GOAL OF THE EXERCISE ▸ Reproduce the data in full, exactly as given, leaving images out.

DATASET EXCERPT ▸

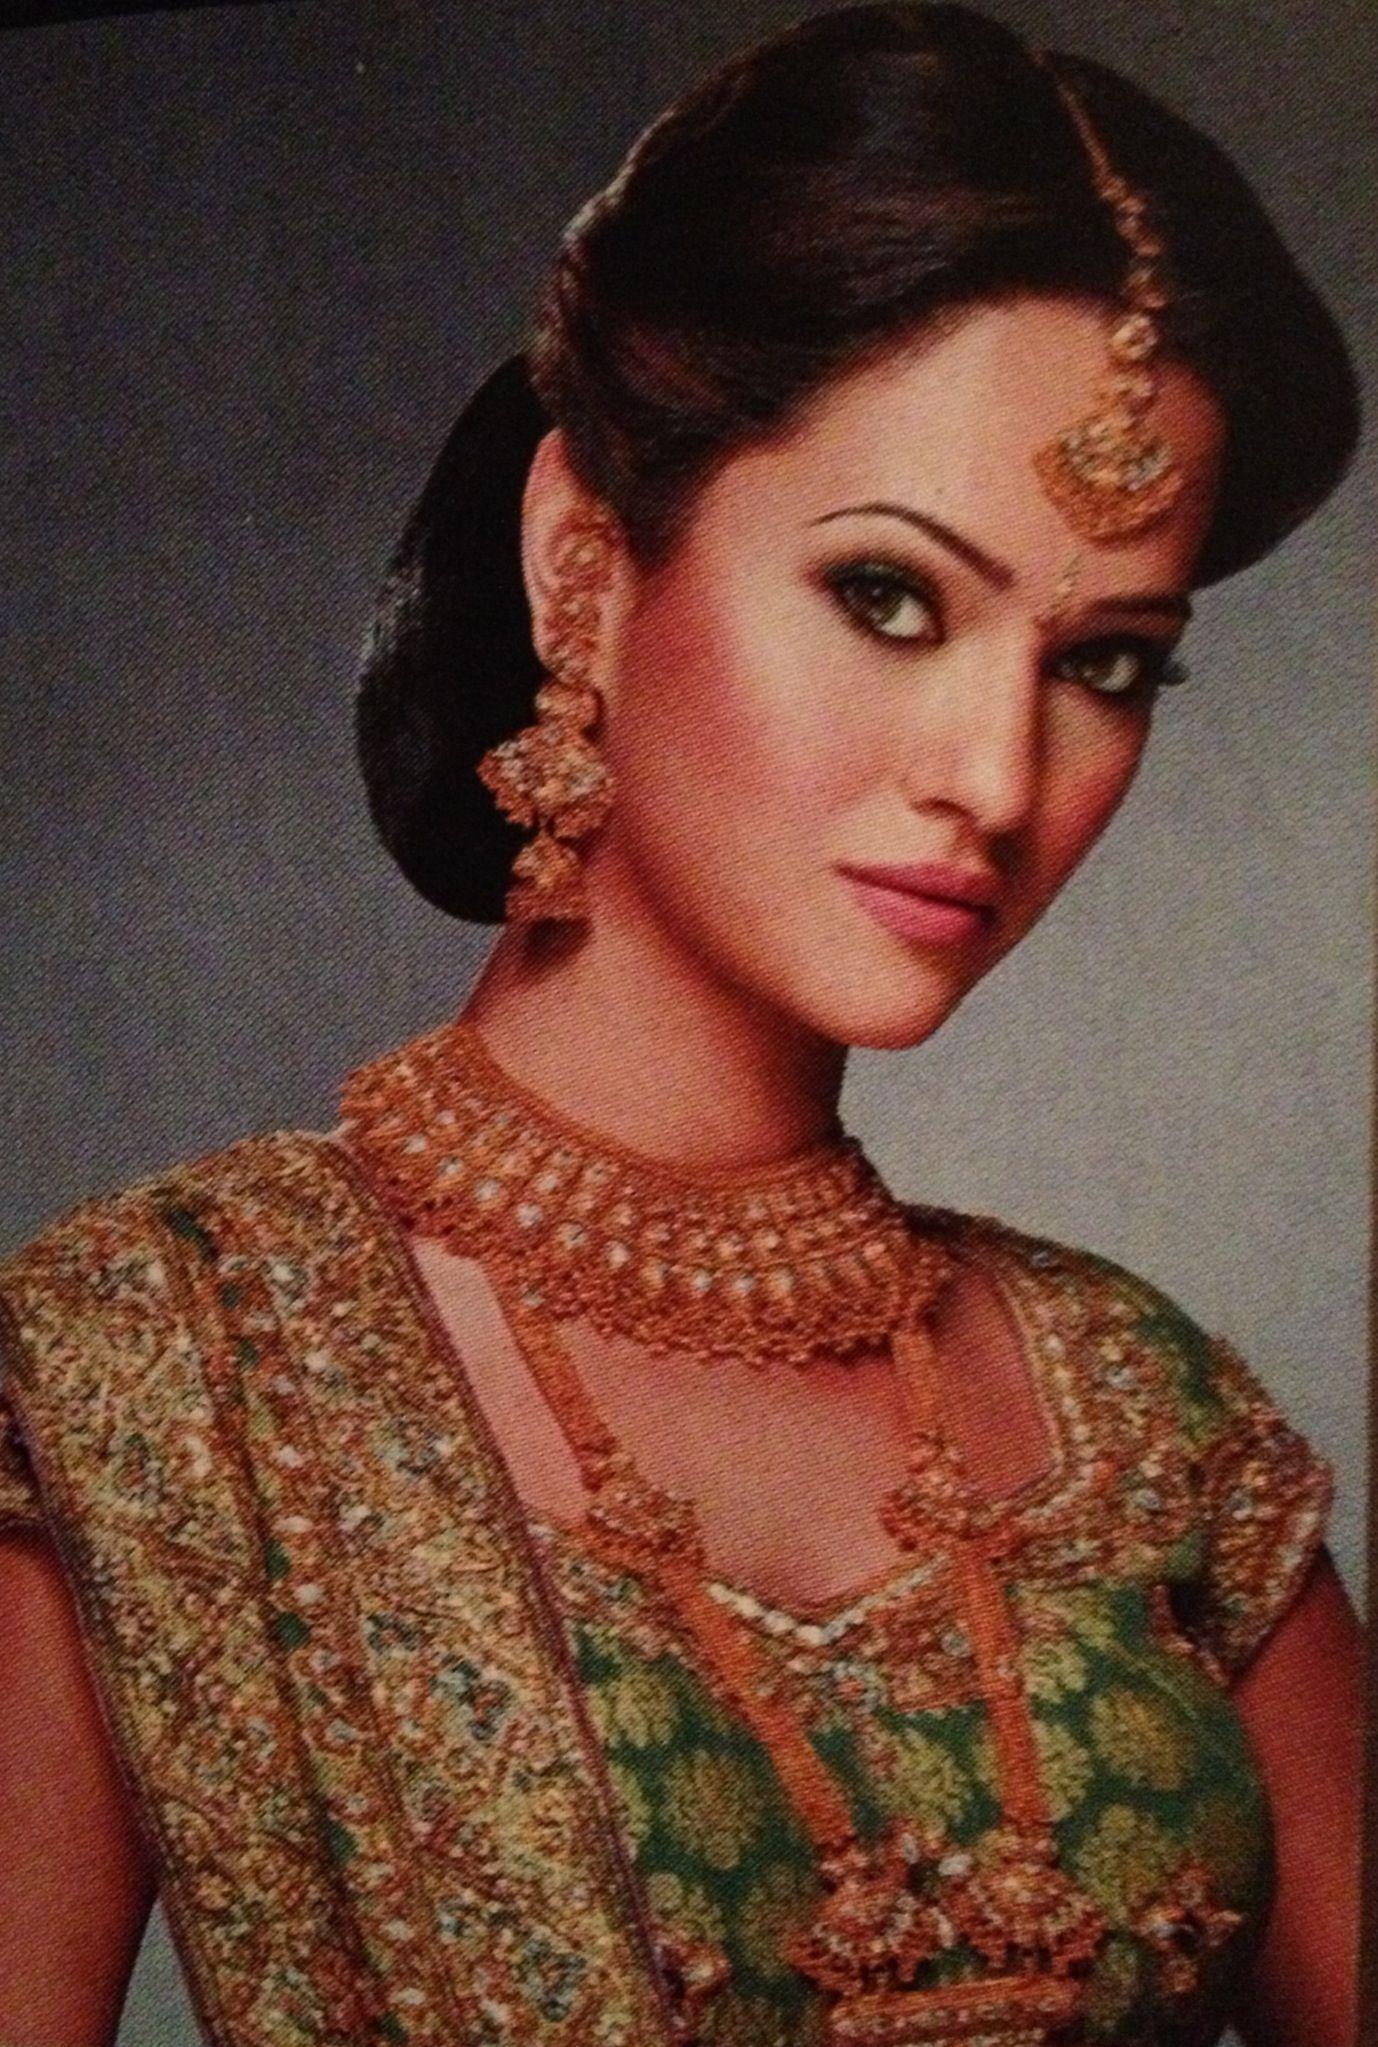 Traditional Bridal Makeup Images : Traditional Indian bridal makeup Wedding hair Pinterest
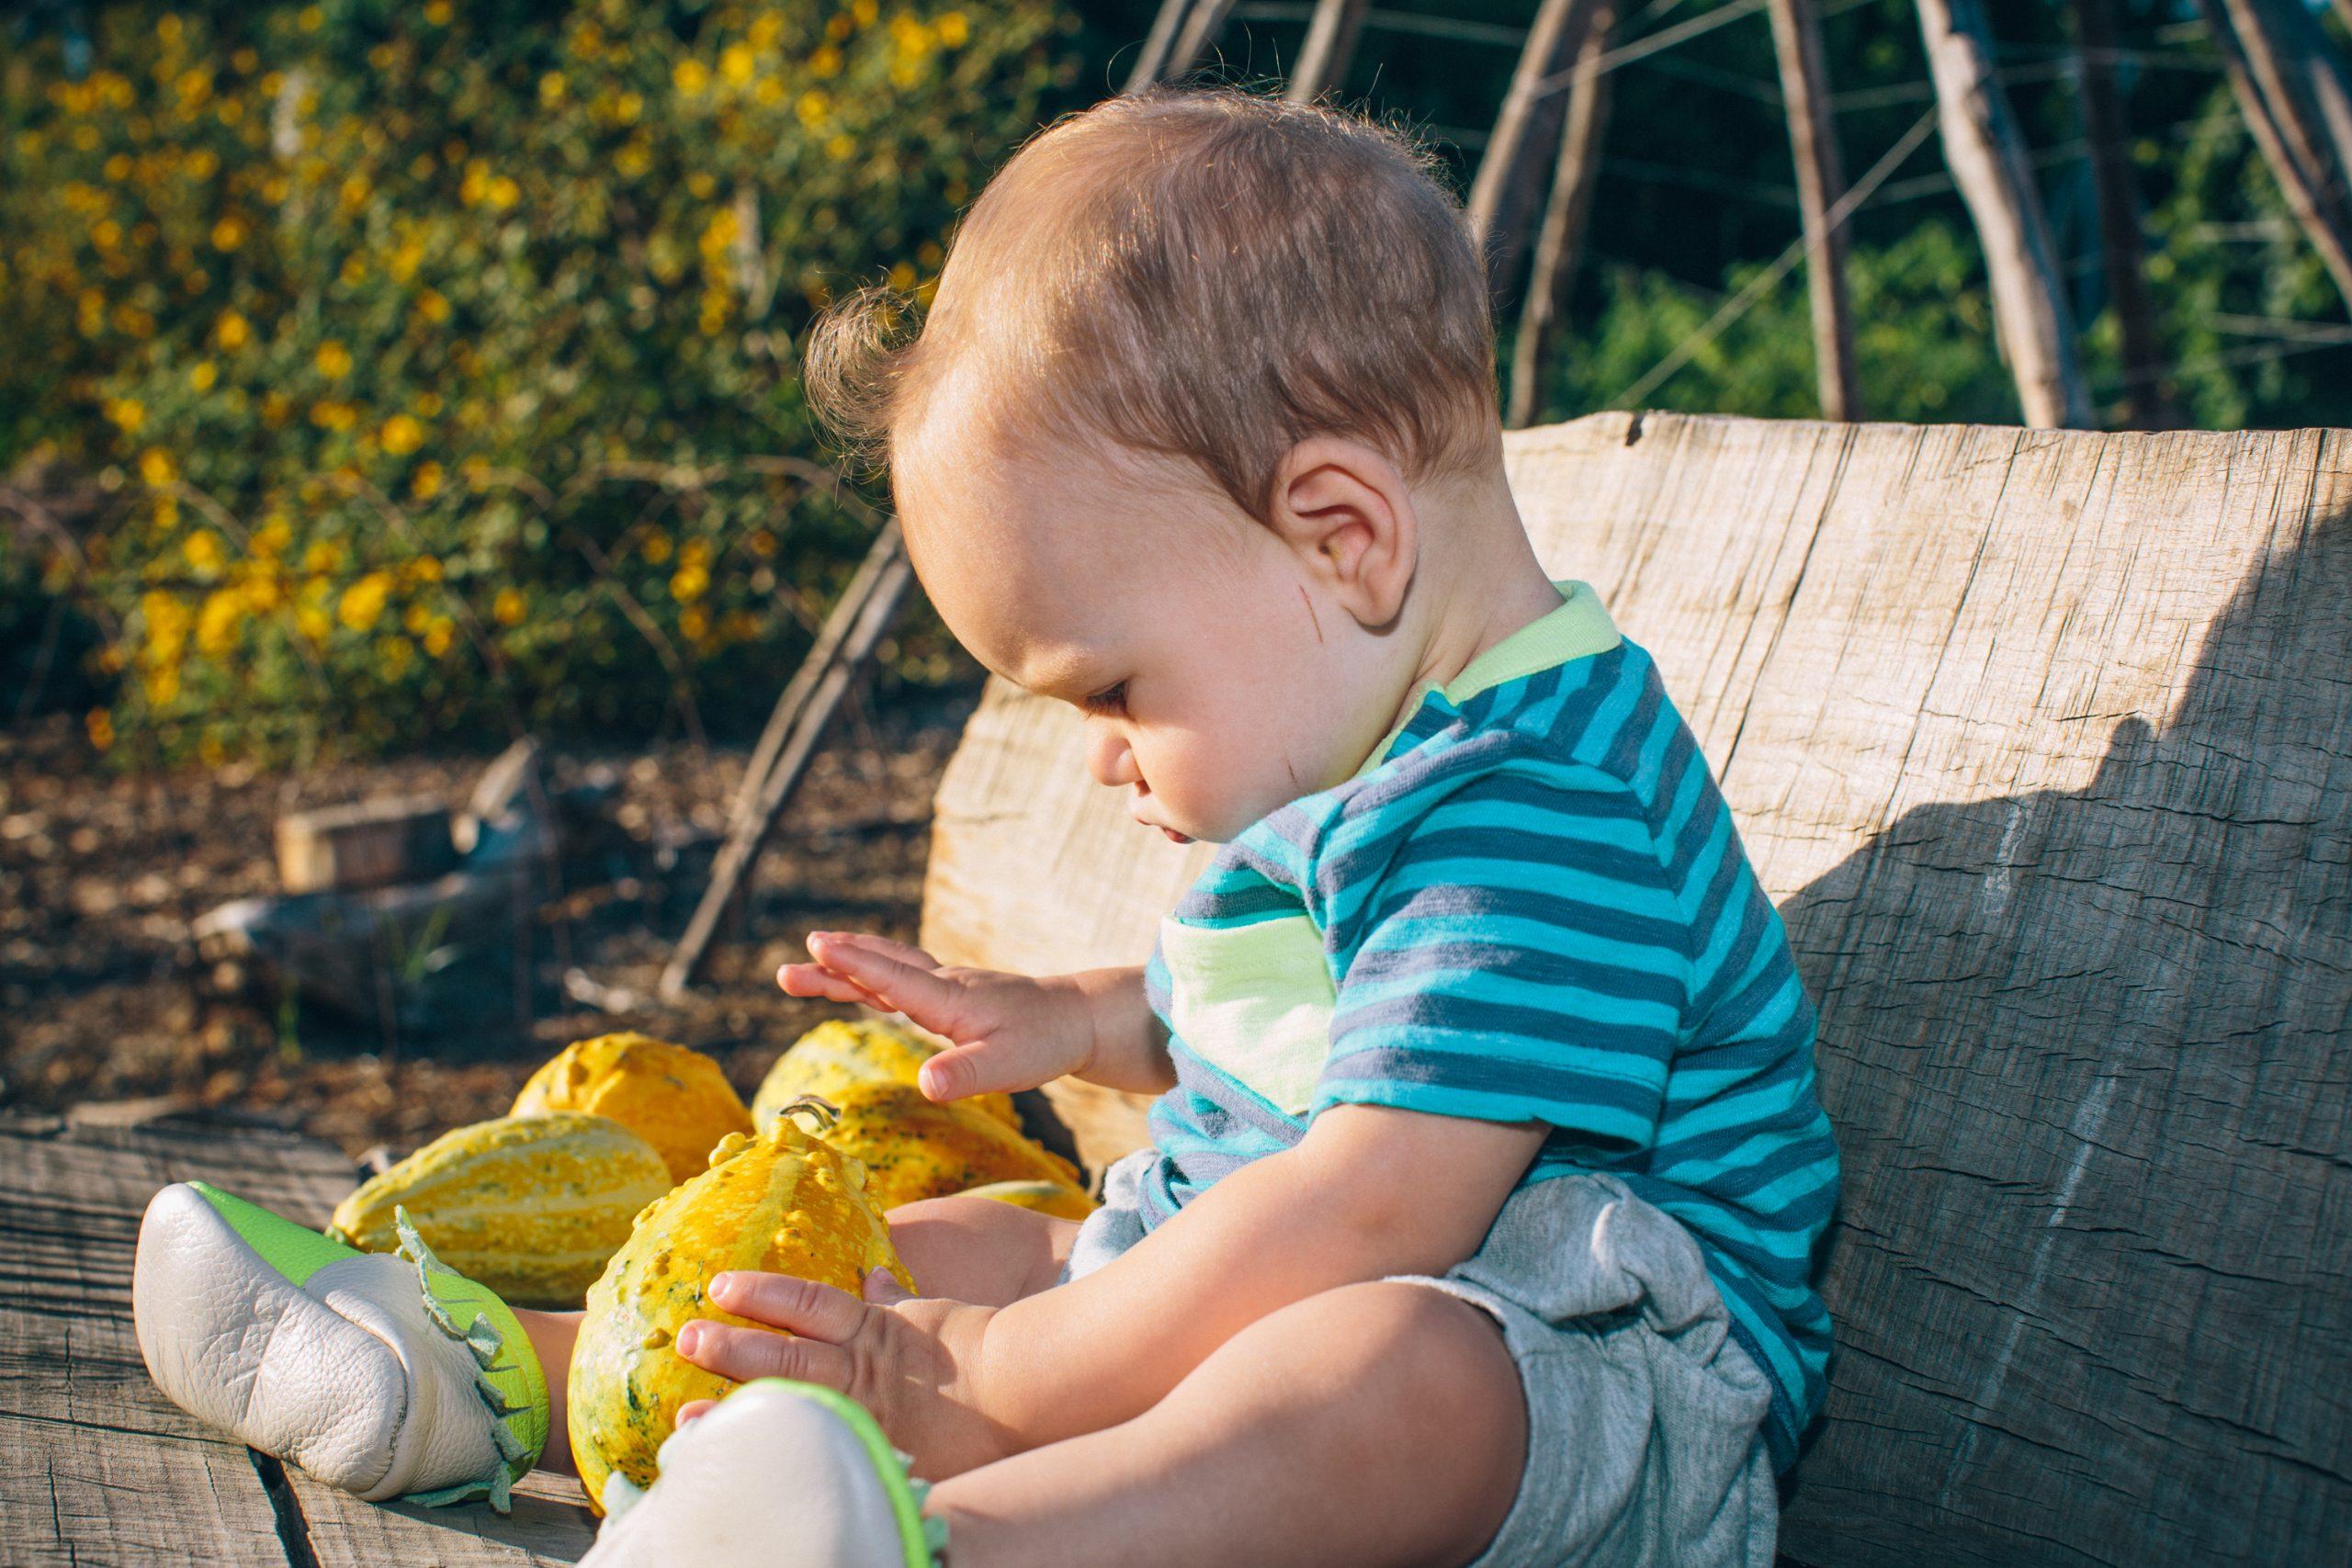 Diana-Milena-Sunkissed-Blonde-Motherhood-Style-Baby-Parenting-Sunset-Santa-Barbara-Organic-Farm
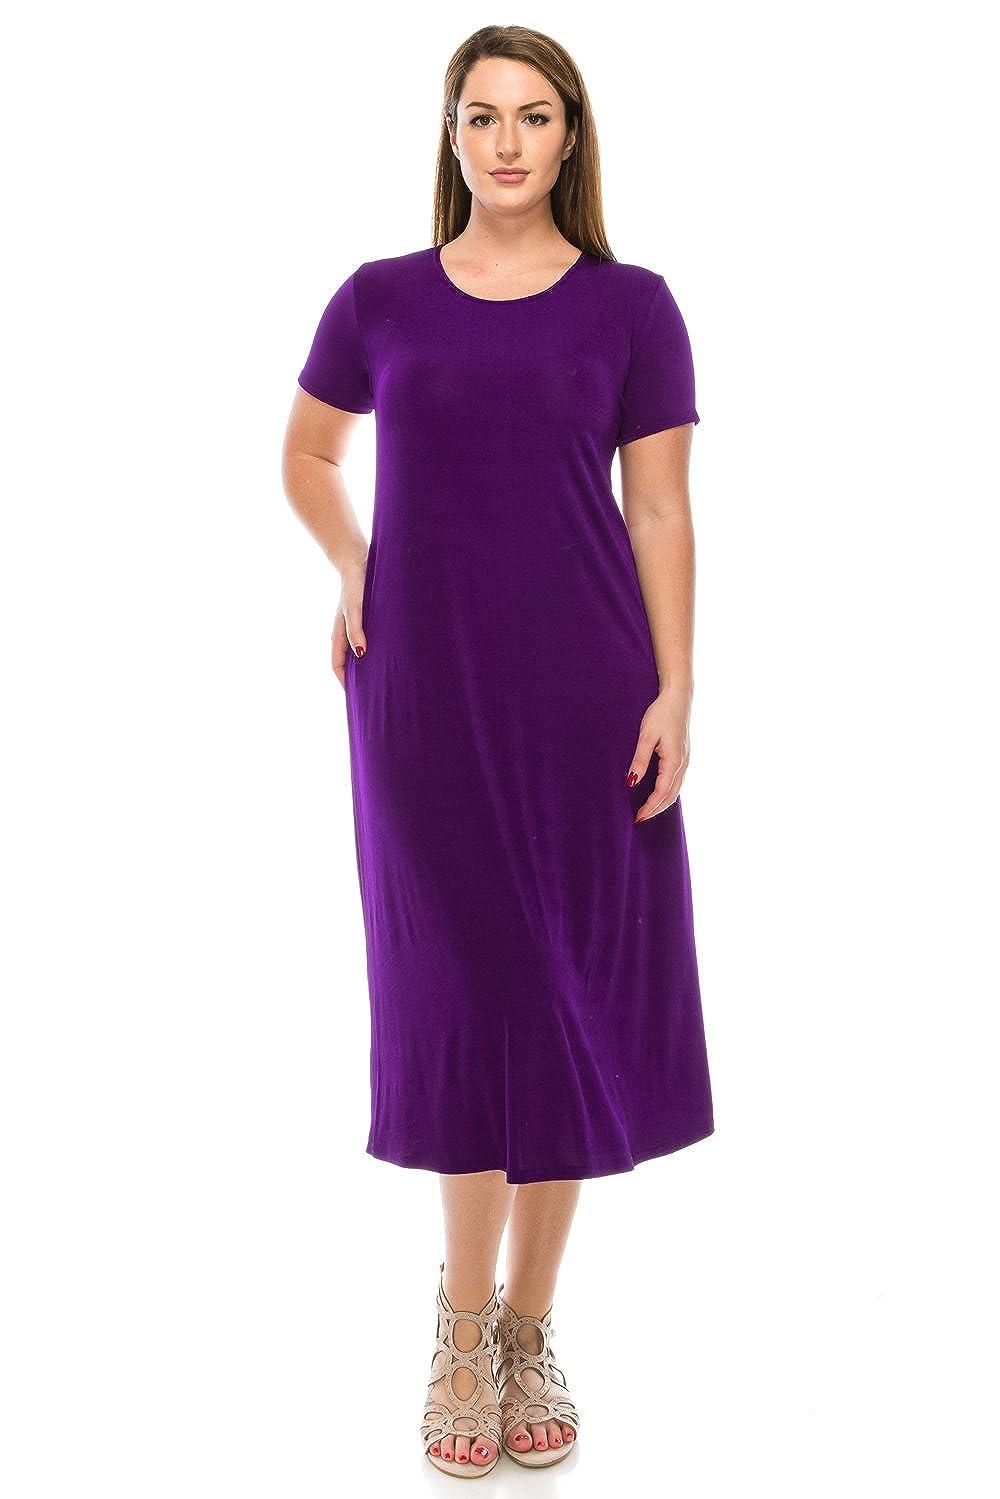 Jostar Womens Stretchy Long Dress Short Sleeve

TASK ANSWER ▸
 Traditional Bridal Makeup Images : Traditional Indian bridal makeup Wedding hair Pinterest
 Diana-Milena-Sunkissed-Blonde-Motherhood-Style-Baby-Parenting-Sunset-Santa-Barbara-Organic-Farm
 Jostar Womens Stretchy Long Dress Short Sleeve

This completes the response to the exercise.